The chart below shows the cumulative total return of the S&P 500 across history, partitioned into four mutually exclusive conditions. The flat portions of each line are points when that particular condition was inactive. Notice that the worst combination emerges when risk-aversion (unfavorable market internals) is joined by monetary easing. That typically occurs during crashes and crises. The Fed eased aggressively and persistently throughout the 2000-2002 and 2007-2009 collapses. It’s improvement in market internals, not easing by the Fed, that reliably defines an improvement in the market outlook.
The worst market losses typically occur when valuations are extreme but the speculative herd has lost its uniformity. The quotes below may help to pull the concepts of valuation, market internals, and overextension together – though as I’ve noted, we’ve adapted our response to overextended “limits,” particularly when market internals and monetary pressures remain favorable.

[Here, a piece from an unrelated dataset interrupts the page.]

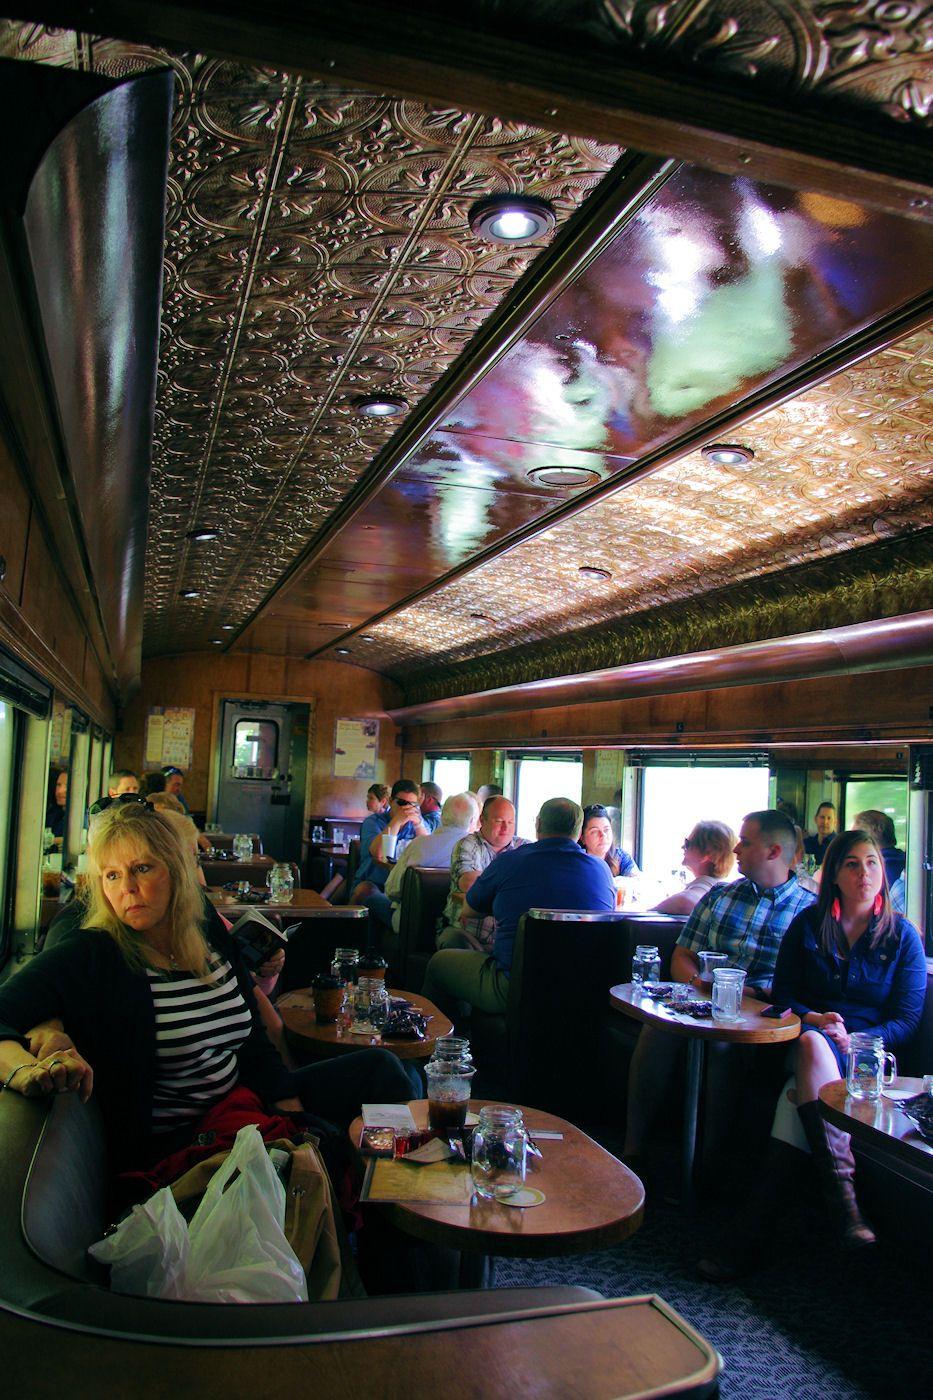 Restored Carolina Moonshine car on the Great Smoky Mountains Railroad train excursion

"The information contained in earnings, balance sheets, and economic releases is only a fraction of what is known by others. The action of prices and trading volume reveals other important information that traders are willing to back with real money. This is why trend uniformity is so crucial to our Market Climate approach. Historically, when trend uniformity has been positive, stocks have generally ignored overvaluation, no matter how extreme. When the market loses that uniformity, valuations often matter suddenly and with a vengeance. This is a lesson best learned before a crash rather than after one," John P. Hussman, Ph.D., October 3, 2000.
"One of the best indications of the speculative willingness of investors is the ‘uniformity’ of positive market action across a broad range of internals. Probably the most important aspect of last week’s decline was the decisive negative shift in these measures. Since early October of last year, I have at least generally been able to say in these weekly comments that “market action is favorable on the basis of price trends and other market internals.” Now, it also happens that once the market reaches overvalued, overbought and overbullish conditions, stocks have historically lagged Treasury bills, on average, even when those internals have been positive (a fact which kept us hedged). Still, the favorable market internals did tell us that investors were still willing to speculate, however abruptly that willingness might end. Evidently, it just ended, and the reversal is broad-based," John P. Hussman, Ph.D., July 30, 2007.

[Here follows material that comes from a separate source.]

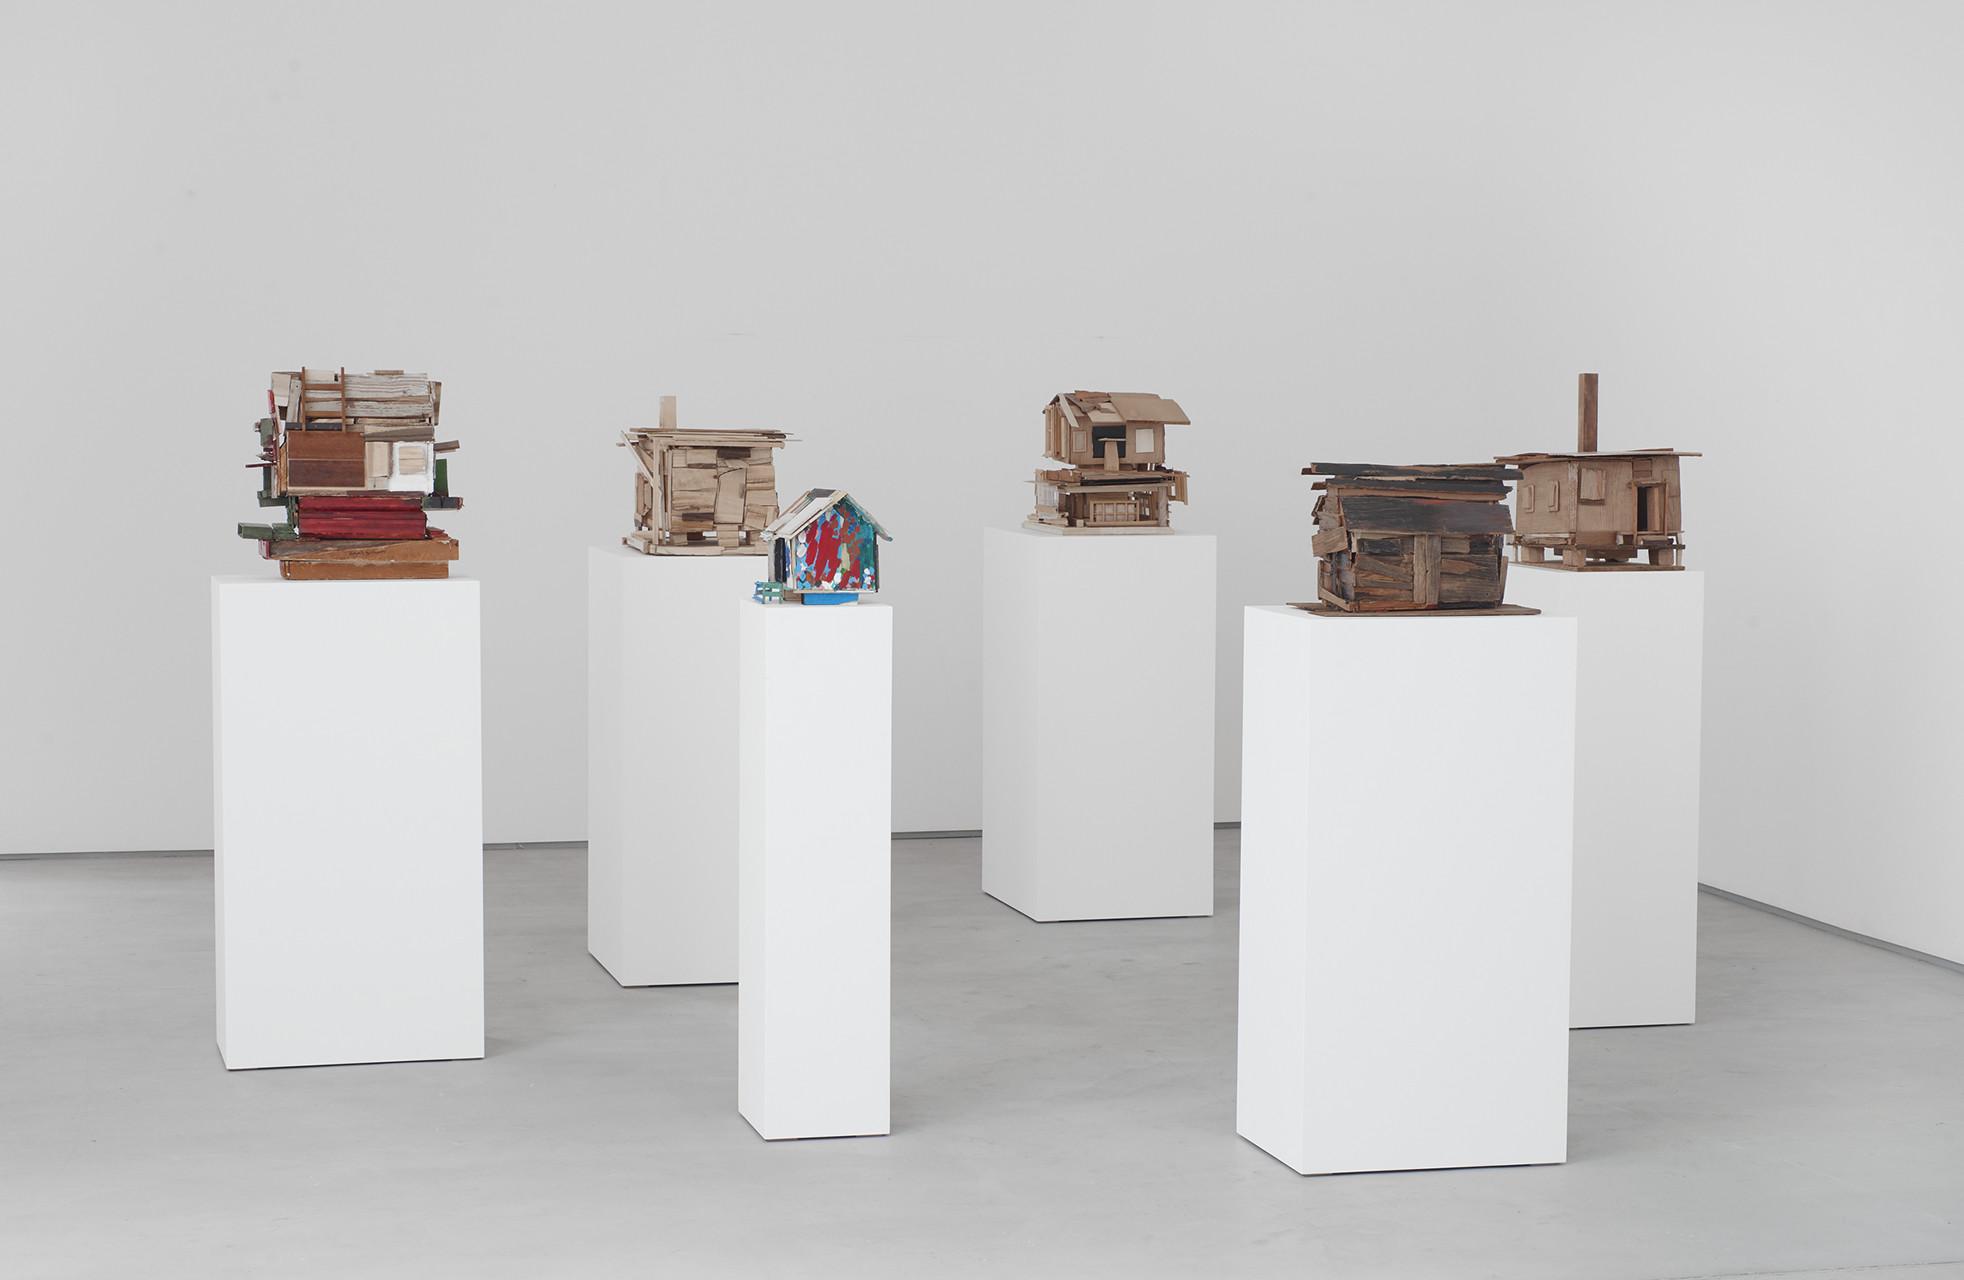 <p>Beverly Buchanan, installation view, 2017</p>

Confidence bubbles, phase transitions, and catastrophes
Financial markets are particularly sensitive to interactions between participants because every share bought by one investor must simultaneously be sold by another investor. Likewise, every single share that’s sold must also be bought. Every dollar a buyer puts “in” is a dollar a seller takes “out.” Prices change depending on which participant – the buyer or the seller – is more eager.
Needless to say, the notion of “cash on the sidelines waiting to get invested” drives me nuts. Every dollar of liquidity created by the Fed must be held by some investor until the Fed retires it by shrinking its balance sheet. That liquidity can be held in only three forms: currency in your wallet, bank reserves that you hold indirectly as a bank deposit, or funds on “reverse repo” with the Fed that you hold indirectly as a money market fund deposit. It can’t turn into anything else. The cash is already “home.” You can’t put it “into” the stock market without a seller taking it right back “out.” Someone has to hold it. That’s how zero-interest rate policy created a bubble. Someone had to hold the stuff, and nobody wanted it. That’s over. Except for physical currency, all that liquidity is now earning 5.4%.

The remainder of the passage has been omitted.